Order the variables in a `GADSdat`.

Description

Order the variables in a GADSdat according to a character vector. If there are discrepancies between the two sets, a warning is issued.

Usage

orderLike(GADSdat, newOrder)
orderLike(GADSdat, newOrder)

Arguments

`GADSdat`	A `GADSdat` object.
`newOrder`	A character vector containing the order of variables.

Details

The variables in the dat and in the labels section are ordered. Variables not contained in the character vector are moved to the end of the data.

Value

Returns a GADSdat object.

PISA Plus Example Data

Description

A small example data set from the German PISA Plus campus files as distributed by the Forschungsdatenzentrum, IQB.

Usage

pisa
pisa

Format

A data.frame with 500 rows and 133 variables, including:

idstud: Person ID variable
idschool: School ID variable
schtype: School type
...

Source

Research Data Center at the Institute for Educational Quality Improvement (2020). Programme for International Student Assessment - Plus 2012, 2013 (PISA Plus 2012-2013) - Campus File (Version 1) [Data set]. Berlin: Institute for Educational Quality Improvement. doi:10.5159/IQB_PISA_Plus_2012-13_CF_v1

Recode values to `NA`.

Description

Recode multiple values in multiple variables in a GADSdat to NA.

Usage

recode2NA(GADSdat, recodeVars = namesGADS(GADSdat), value = "")
recode2NA(GADSdat, recodeVars = namesGADS(GADSdat), value = "")

Arguments

`GADSdat`	A `GADSdat` object.
`recodeVars`	Character vector of variable names which should be recoded.
`value`	Which values should be recoded to `NA`?

Details

If there are value labels given to the specified value, a warning is issued. Number of recodes per variable are reported.

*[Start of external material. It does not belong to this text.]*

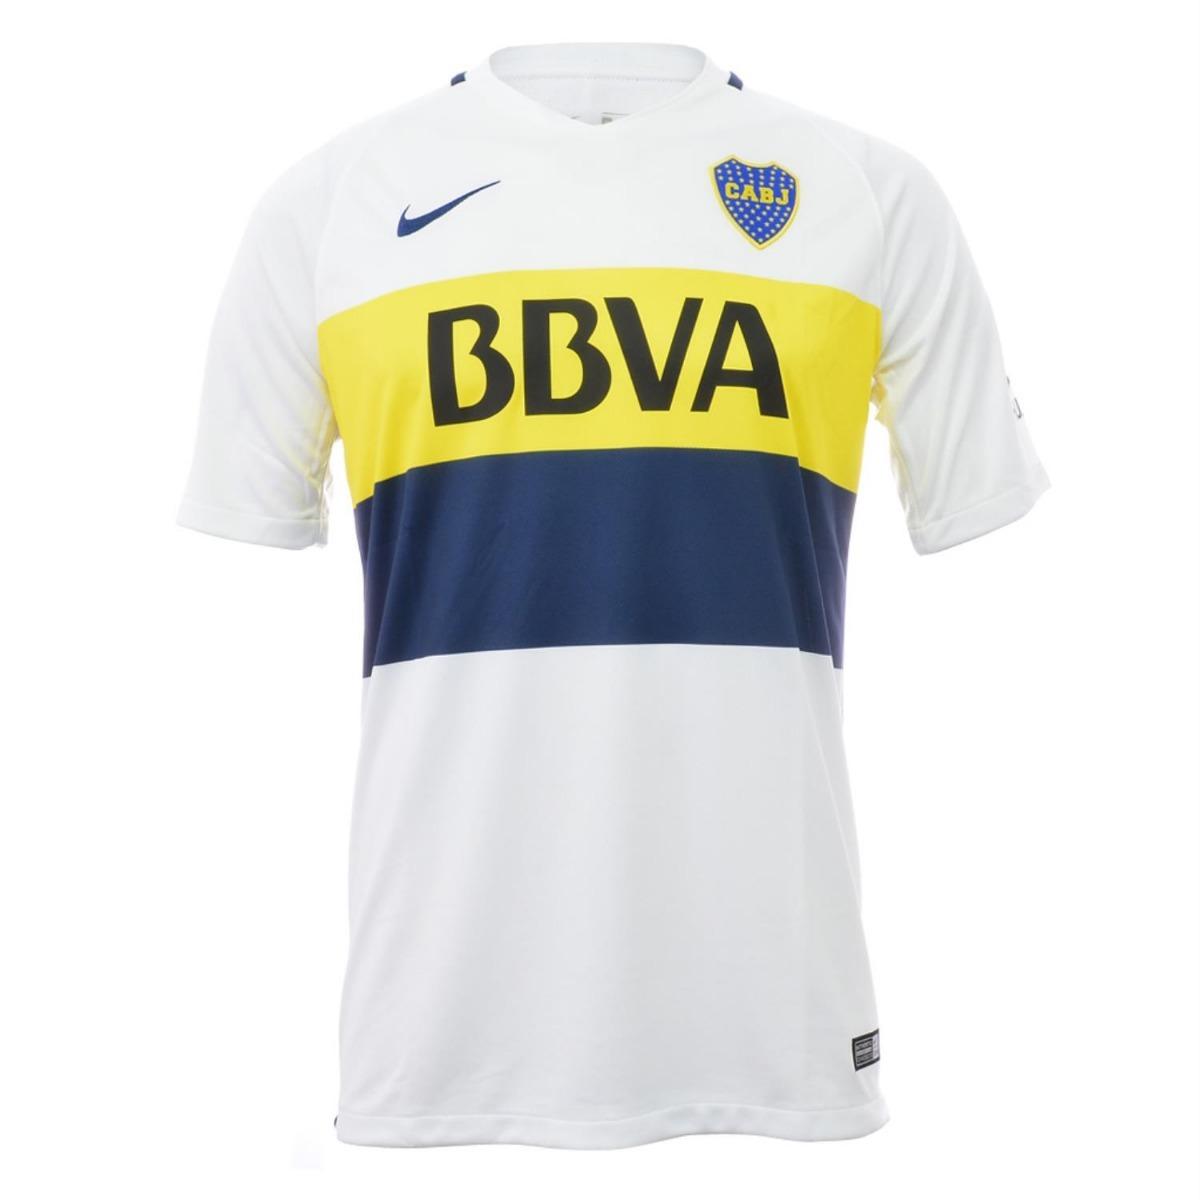 00 Suplente Boca Camiseta En Original 1 Blanca 2017 500 Nike Jr UzwwP

If a data set is imported from .sav, character variables frequently contain empty strings. Especially if parts of the data are written to .xlsx, this can cause problems (e.g. as look up tables from createLookup), as most function which write to .xlsx convert empty strings to NAs. recodeString2NA can be used to recode all empty strings to NA beforehand.

Value

Returns the recoded GADSdat.

Examples

# create example GADS
dat <- data.frame(ID = 1:4, var1 = c("", "Eng", "Aus", "Aus2"),
                  var2 = c("", "French", "Ger", "Ita"),
                  stringsAsFactors = FALSE)
gads <- import_DF(dat)

# recode empty strings
gads2 <- recode2NA(gads)

# recode numeric value
gads3 <- recode2NA(gads, recodeVars = "ID", value = 1:3)


# create example GADS
dat <- data.frame(ID = 1:4, var1 = c("", "Eng", "Aus", "Aus2"),
                  var2 = c("", "French", "Ger", "Ita"),
                  stringsAsFactors = FALSE)
gads <- import_DF(dat)

# recode empty strings
gads2 <- recode2NA(gads)

# recode numeric value
gads3 <- recode2NA(gads, recodeVars = "ID", value = 1:3)

Recode variables.

Description

Recode one or multiple variables as part of a GADSdat or all_GADSdat object.

Usage

recodeGADS(
  GADSdat,
  varName,
  oldValues,
  newValues,
  existingMeta = c("stop", "value", "value_new", "drop", "ignore")
)
recodeGADS(
  GADSdat,
  varName,
  oldValues,
  newValues,
  existingMeta = c("stop", "value", "value_new", "drop", "ignore")
)

Arguments

`GADSdat`	`GADSdat` object imported via `eatGADS`.
`varName`	Name of the variable to be recoded.
`oldValues`	Vector containing the old values.
`newValues`	Vector containing the new values (in the respective order as `oldValues`).
`existingMeta`	If values are recoded, which meta data should be used (see details)?

Details

Applied to a GADSdat or all_GADSdat object, this function is a wrapper of getChangeMeta and applyChangeMeta. Beyond that, unlabeled variables and values are recoded as well. oldValues and newValues are matched by ordering in the function call.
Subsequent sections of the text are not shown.